It was speculated by Aldous Huxley in 1958 that democracy is threatened by overpopulation, and could give rise to totalitarian style governments.[147] Physics professor Albert Allen Bartlett at the University of Colorado Boulder warned in 2000 that overpopulation and the development of technology are the two major causes of the diminution of democracy.[148] However, over the last 200 years of population growth, the actual level of personal freedom has increased rather than declined.[104] John Harte has argued population growth is a factor in numerous social issues, including unemployment, overcrowding, bad governance and decaying infrastructure.[12][149] Daron Acemoglu and others suggested in a 2017 paper that since the Second World War, countries with higher population growth rates experienced the most social conflict.[12][150]
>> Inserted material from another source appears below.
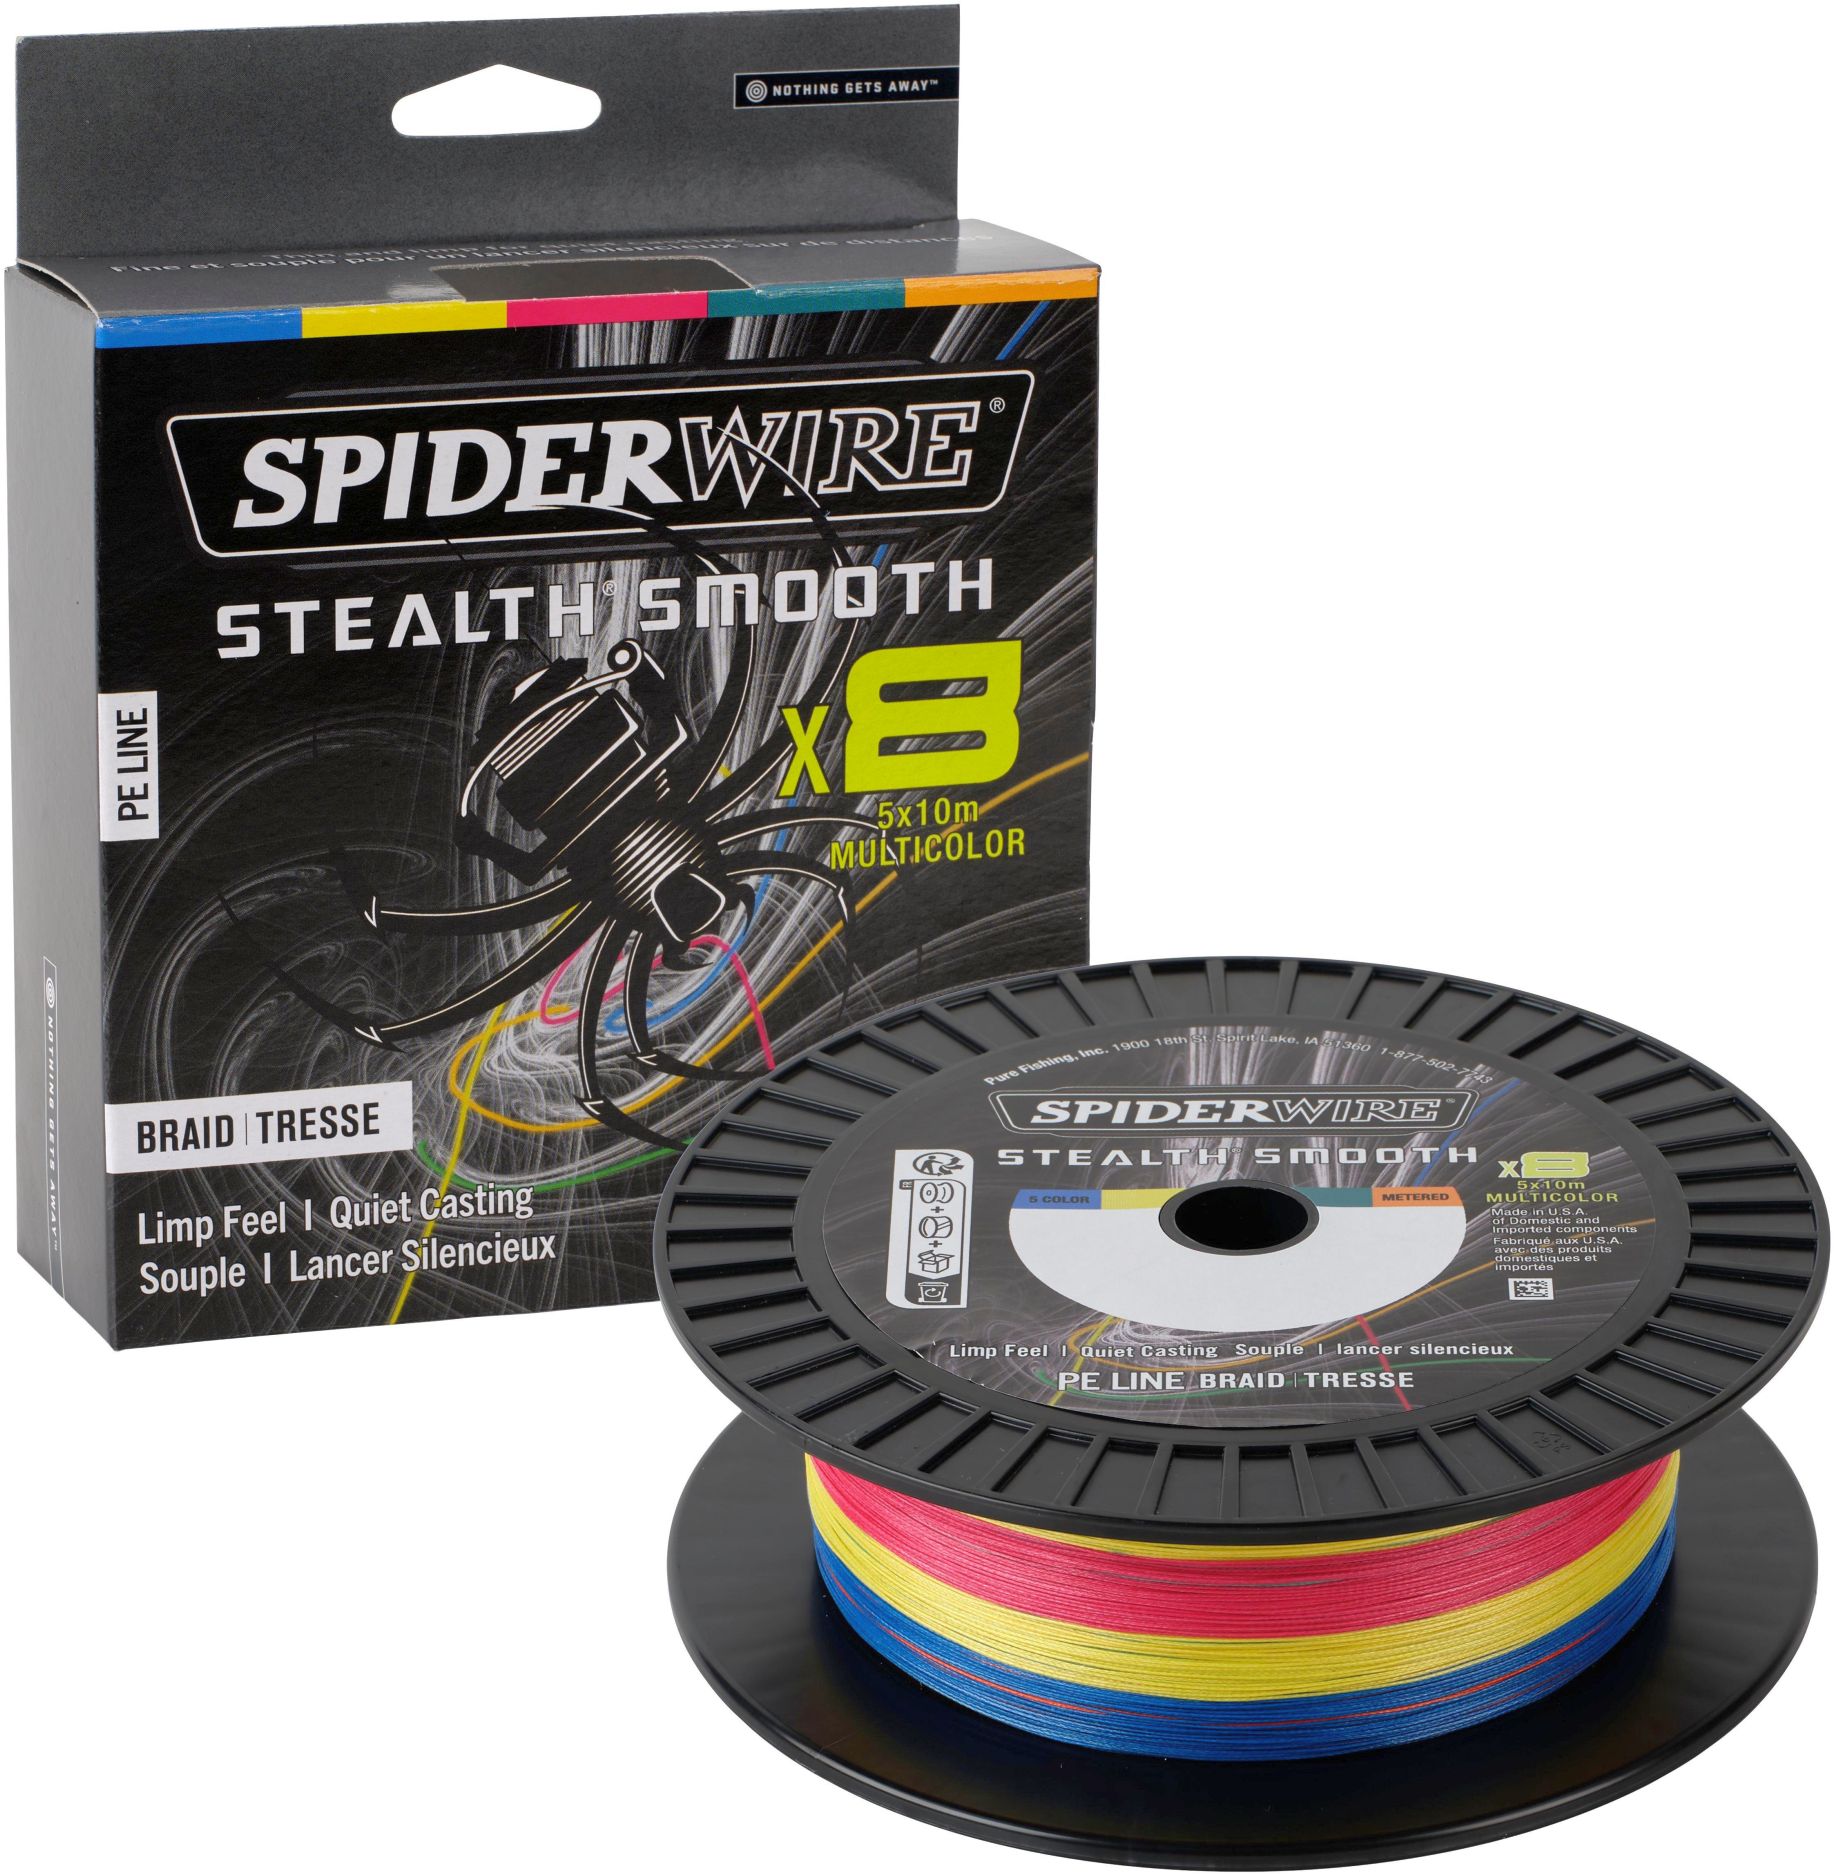 SPIDERWIRE Stealth Smooth 8 Multicolor 600 m 0,33 mm 38,1 kg

According to anthropologist Jason Hickel, the global capitalist system creates pressures for population growth: "more people means more labour, cheaper labour, and more consumers."[151]

Epidemics and pandemics

A 2021 article in Ethics, Medicine and Public Health argued in light of the COVID-19 pandemic that epidemics and pandemics were made more likely by overpopulation, globalization, urbanization and encroachment into natural habitats.[152]

Proposed solutions and mitigation measures

Several strategies have been proposed to mitigate overpopulation.

Population planning

Several scientists (including Paul Ehrlich, Gretchen Daily and Tim Flannery[116][153]) proposed that humanity should work at stabilizing its absolute numbers, as a starting point towards beginning the process of reducing the total numbers. They suggested several possible approaches, including:[154][155]

Some scientists including Corey Bradshaw and Barry Brook suggest that, given the "inexorable demographic momentum of the global human population," sustainability can be achieved more rapidly with a short term focus on technological and social innovations, along with reducing consumption rates, while treating population planning as a long term goal.[159][160]

Family planning

A family planning placard in Ethiopia. It depicts negative effects of having more children than people can care for.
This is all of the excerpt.